• _WORK REQUEST_
Your copy should repeat the data that follows exactly and contain no image.

• _MATERIAL PROVIDED_
-*-*-

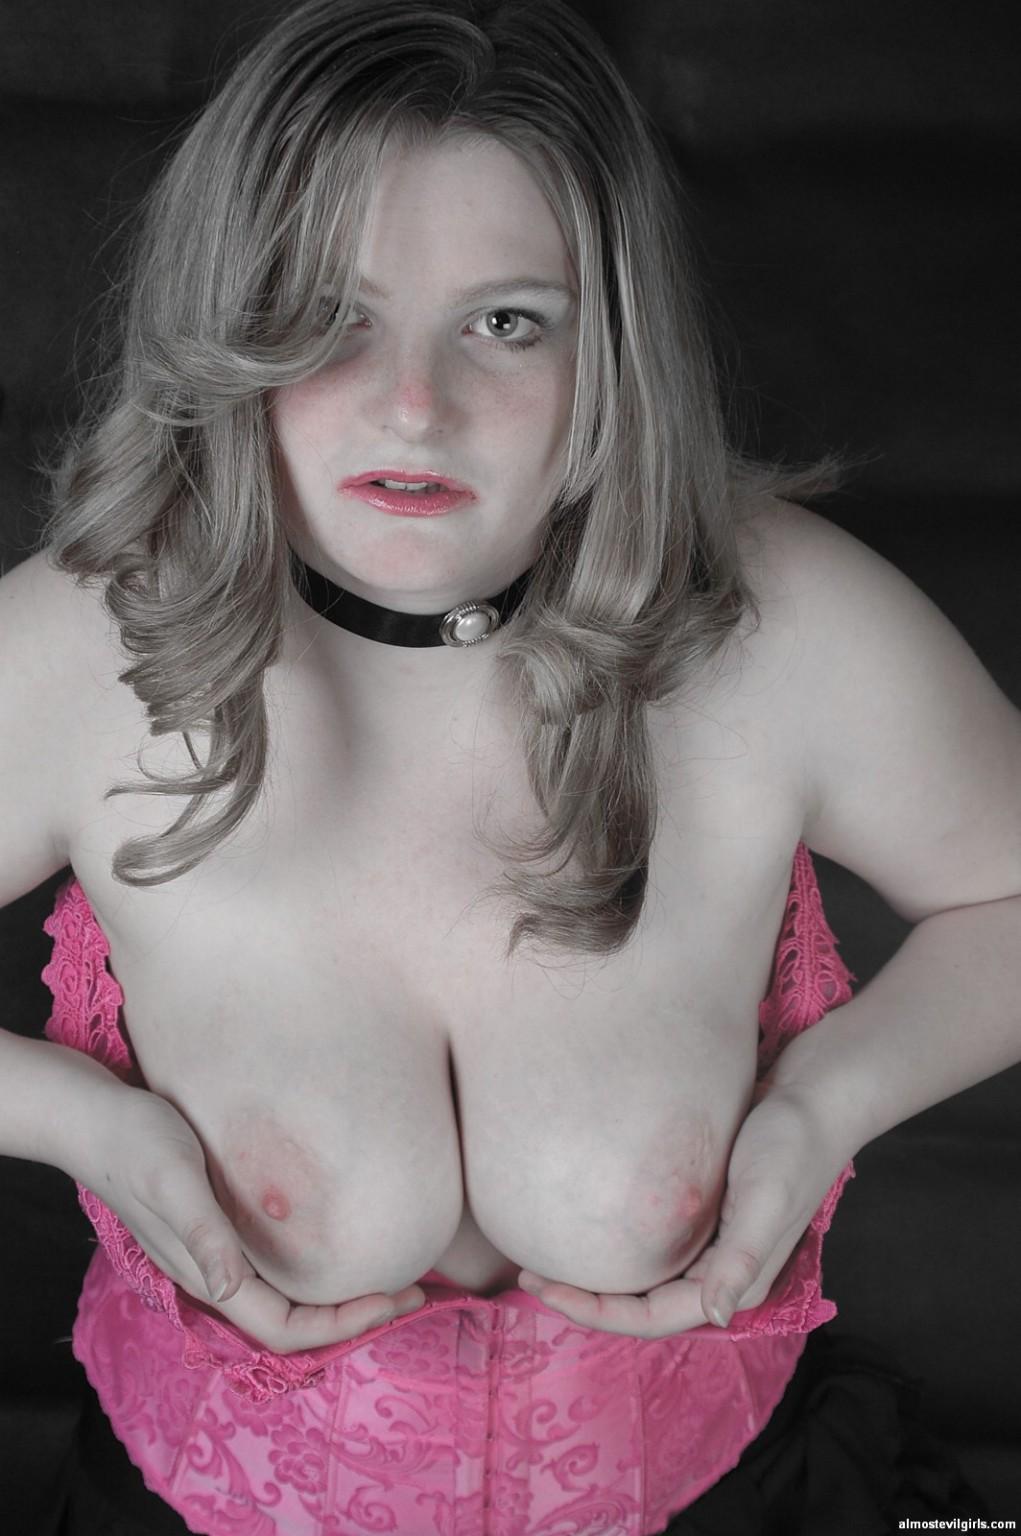 Мэдисон в розовом корсете
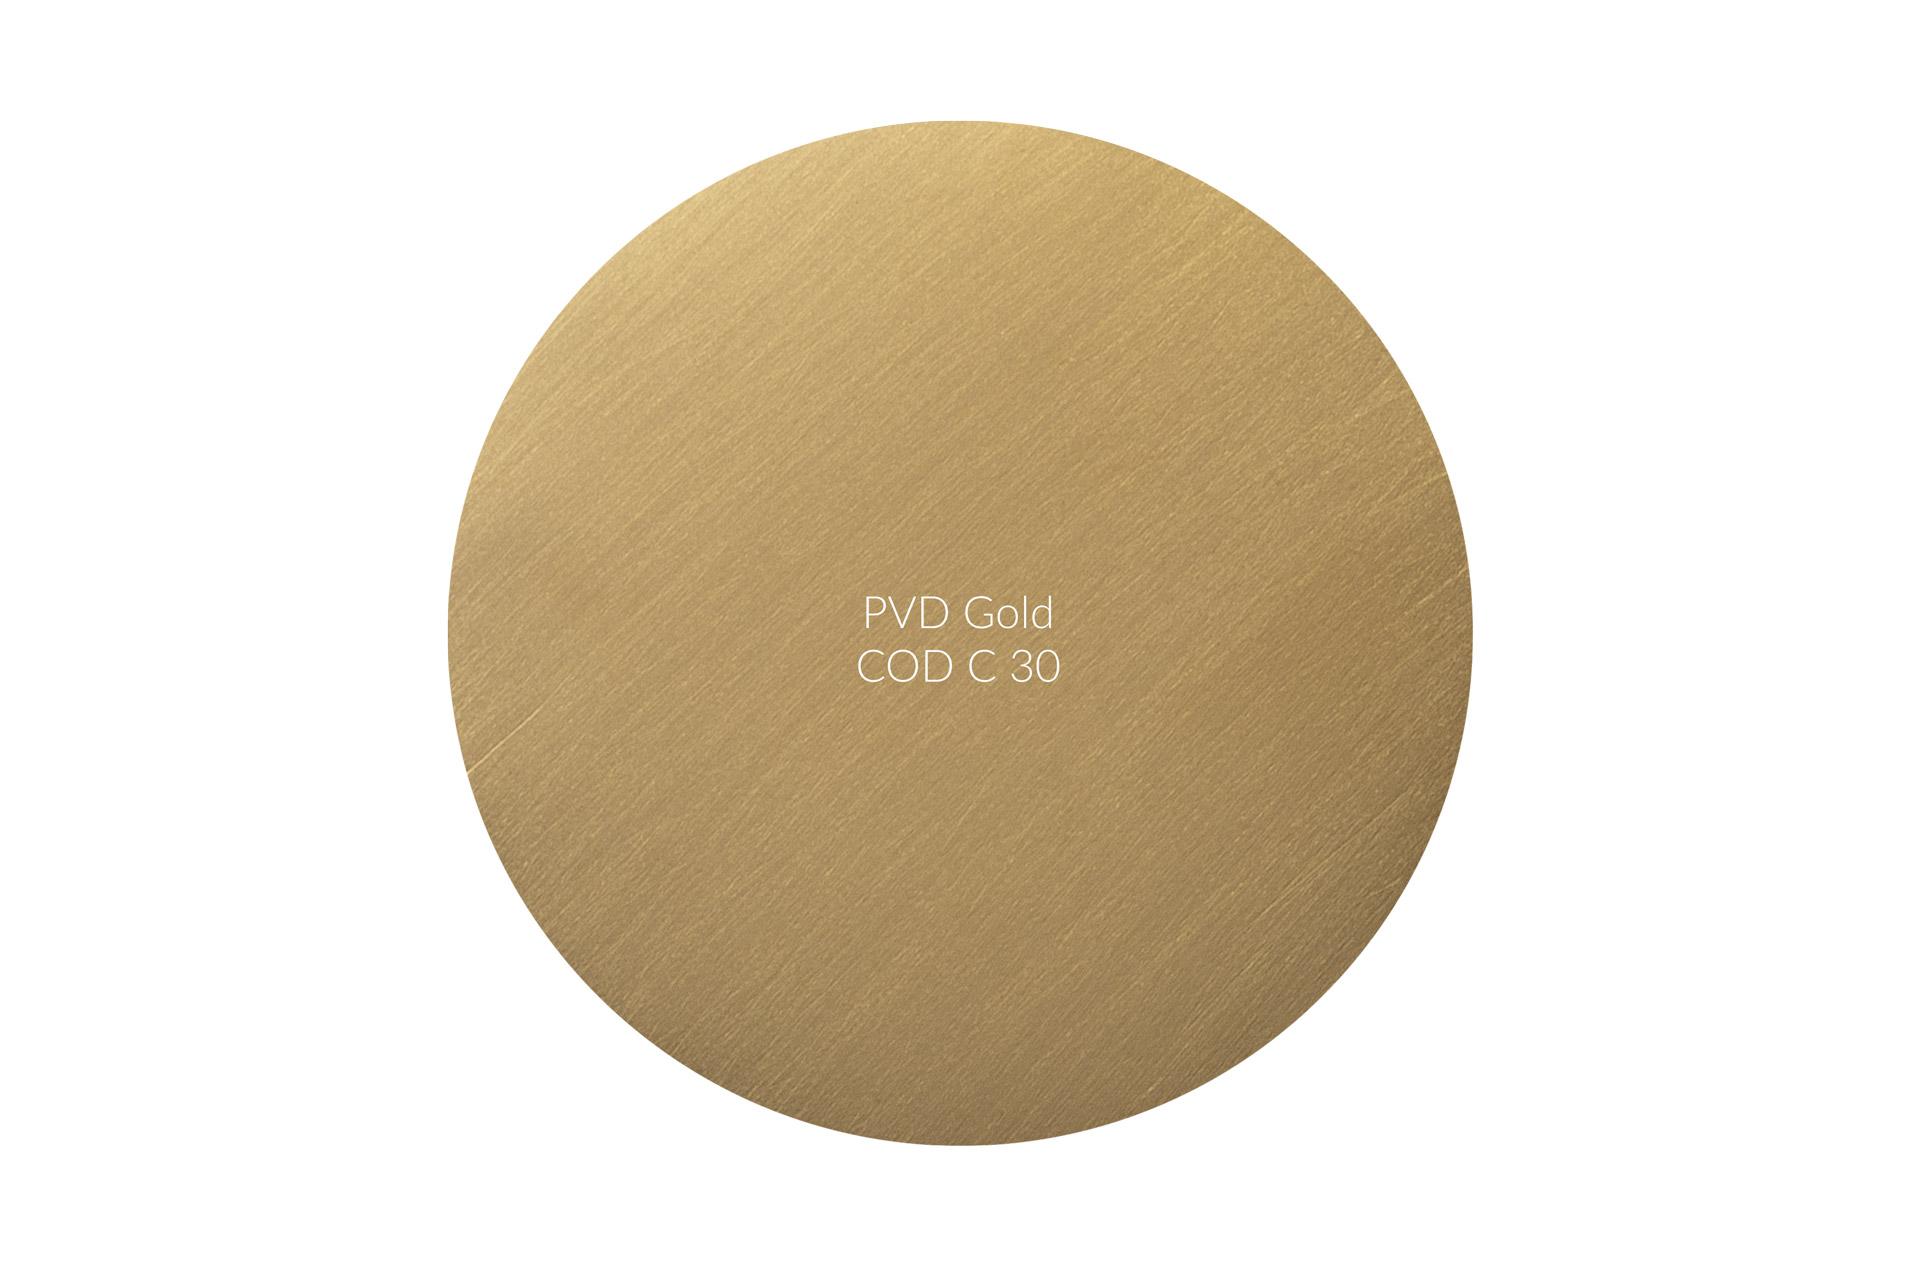 finitura-pvd-gold-c-30-2020
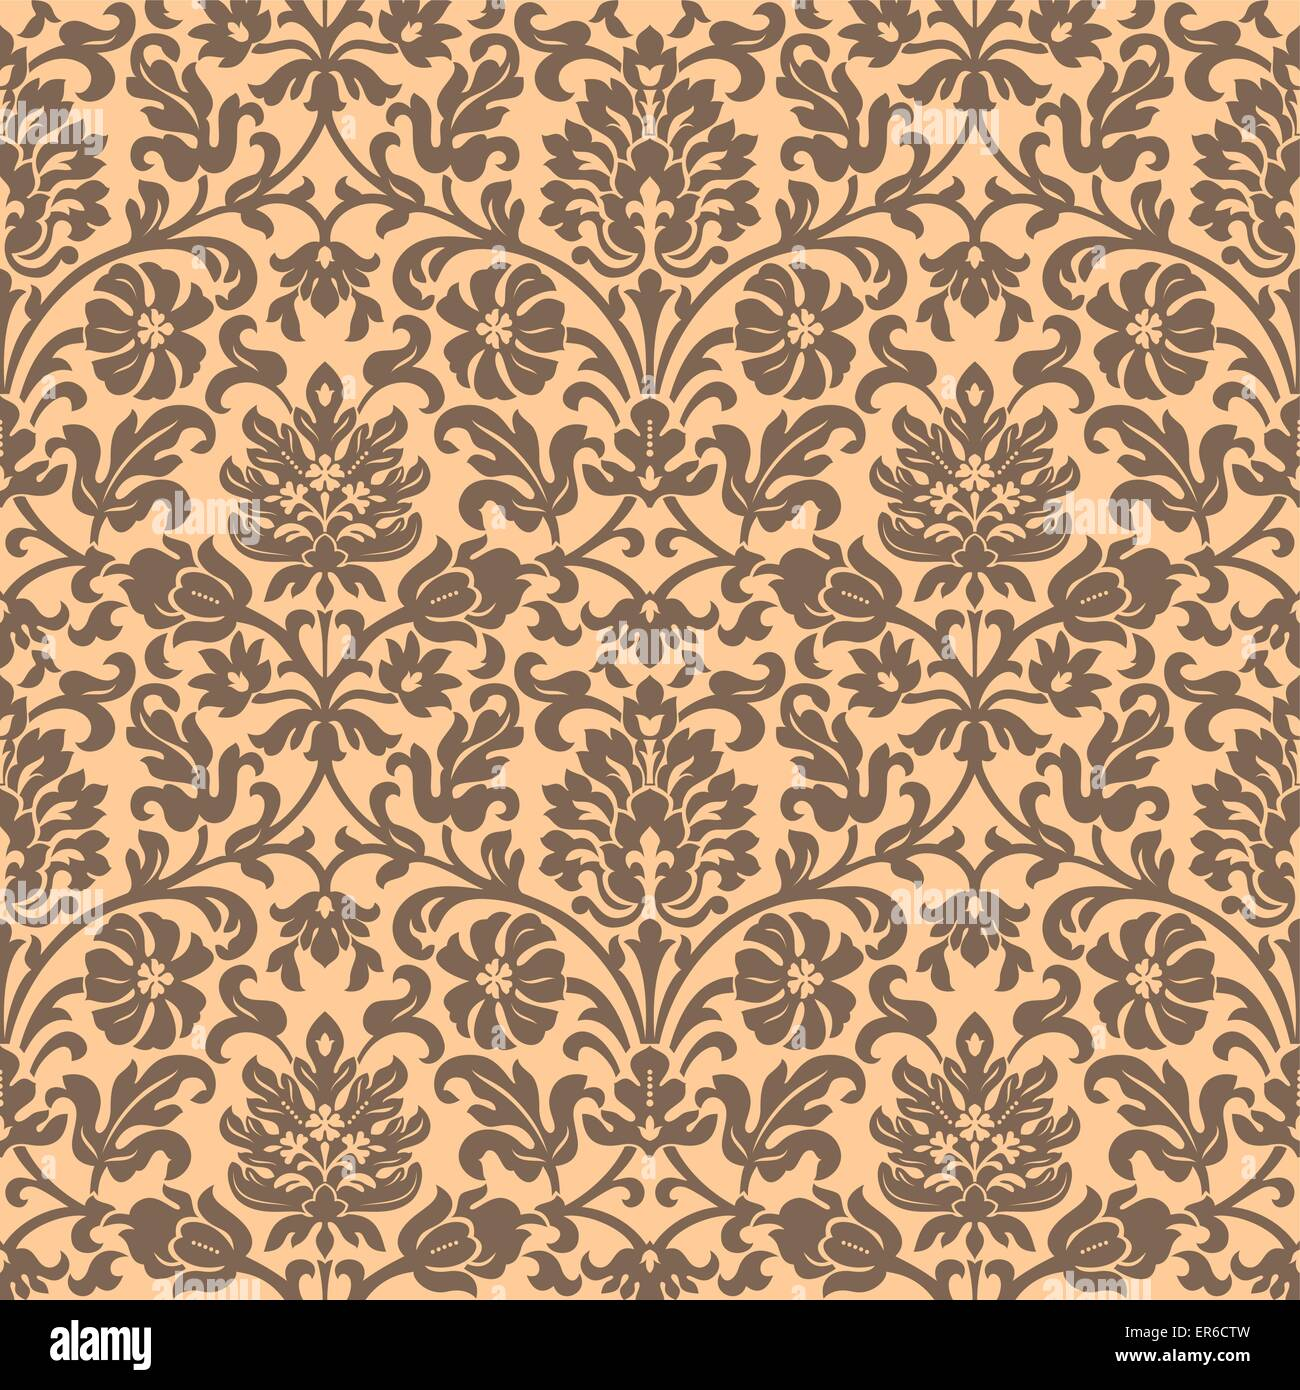 Golden-sand seamless vintage wallpaper pattern. Vector image. - Stock Image
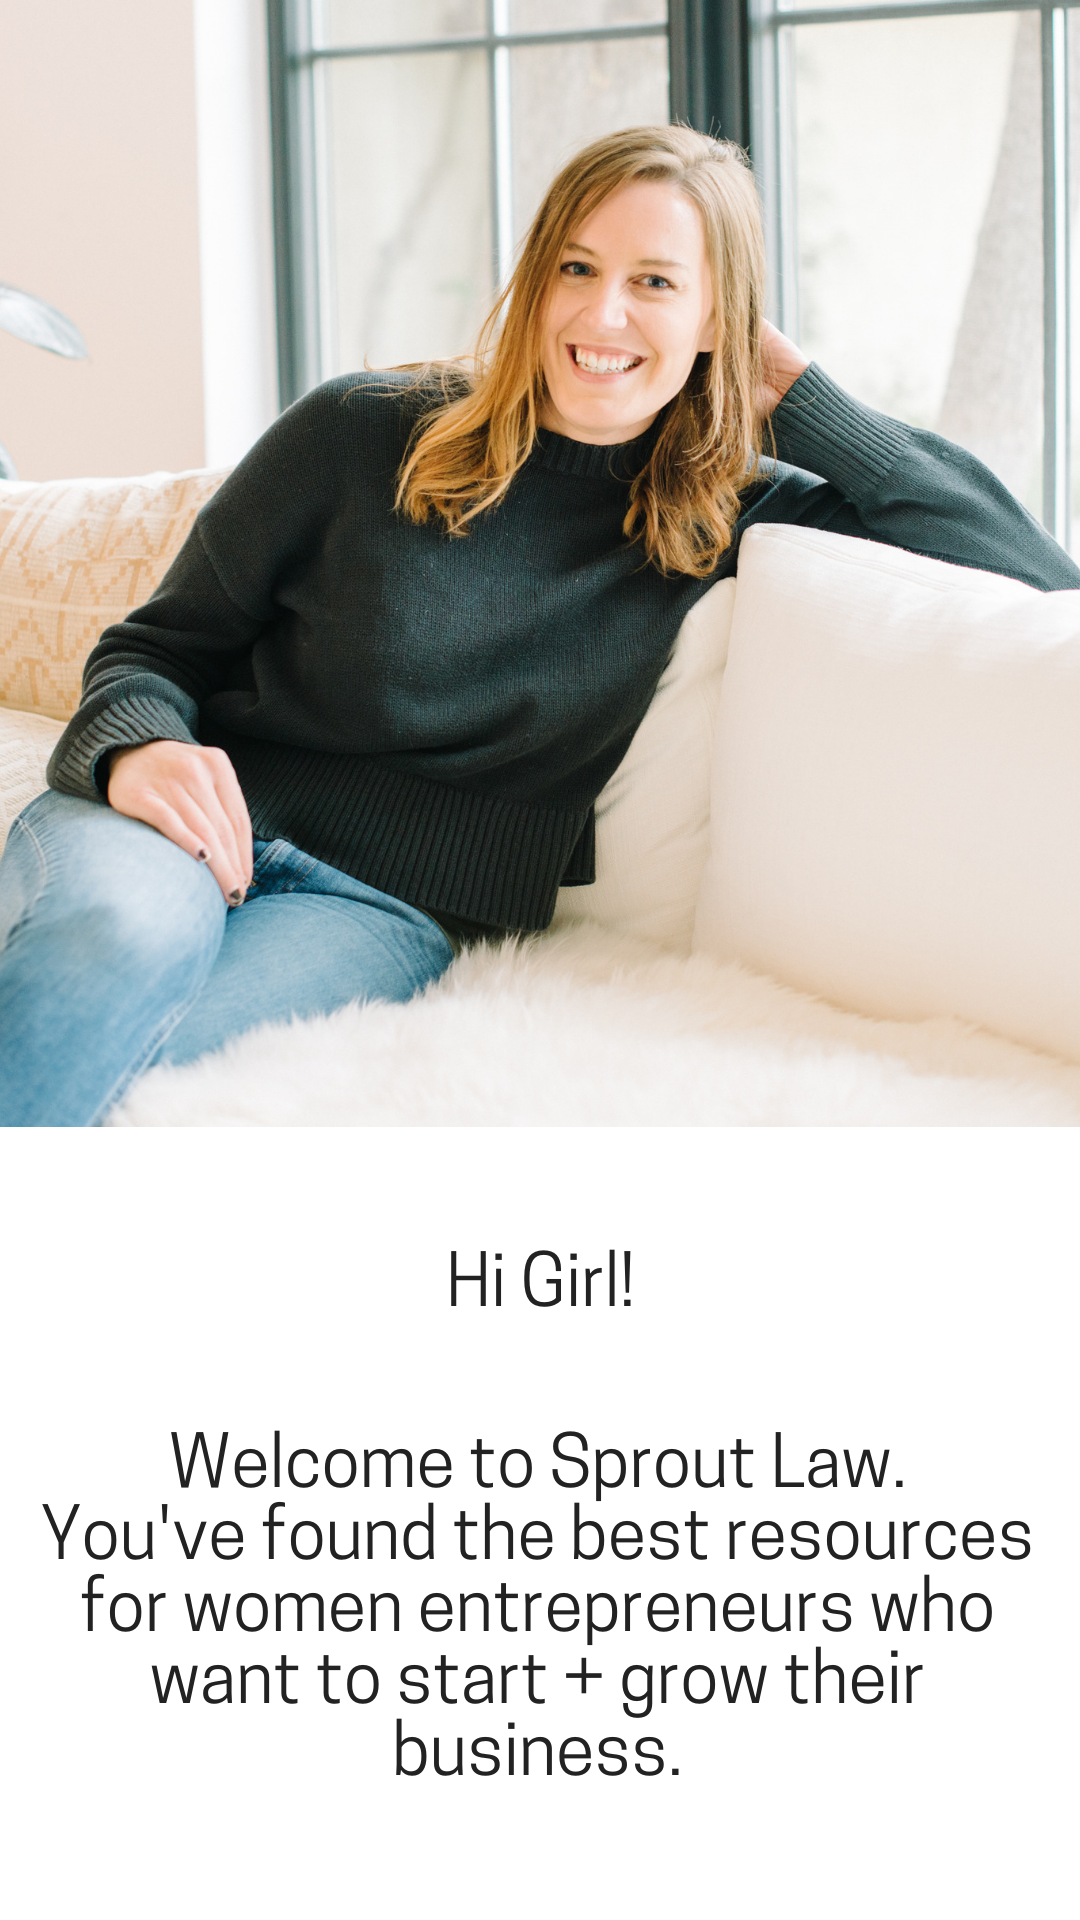 Nicole Swartz, Sprout Law

-*-*-

• _WRITTEN SOLUTION_
 Мэдисон в розовом корсете
 finitura-pvd-gold-c-30-2020
 Golden-sand seamless vintage wallpaper pattern. Vector image. - Stock Image
 Nicole Swartz, Sprout Law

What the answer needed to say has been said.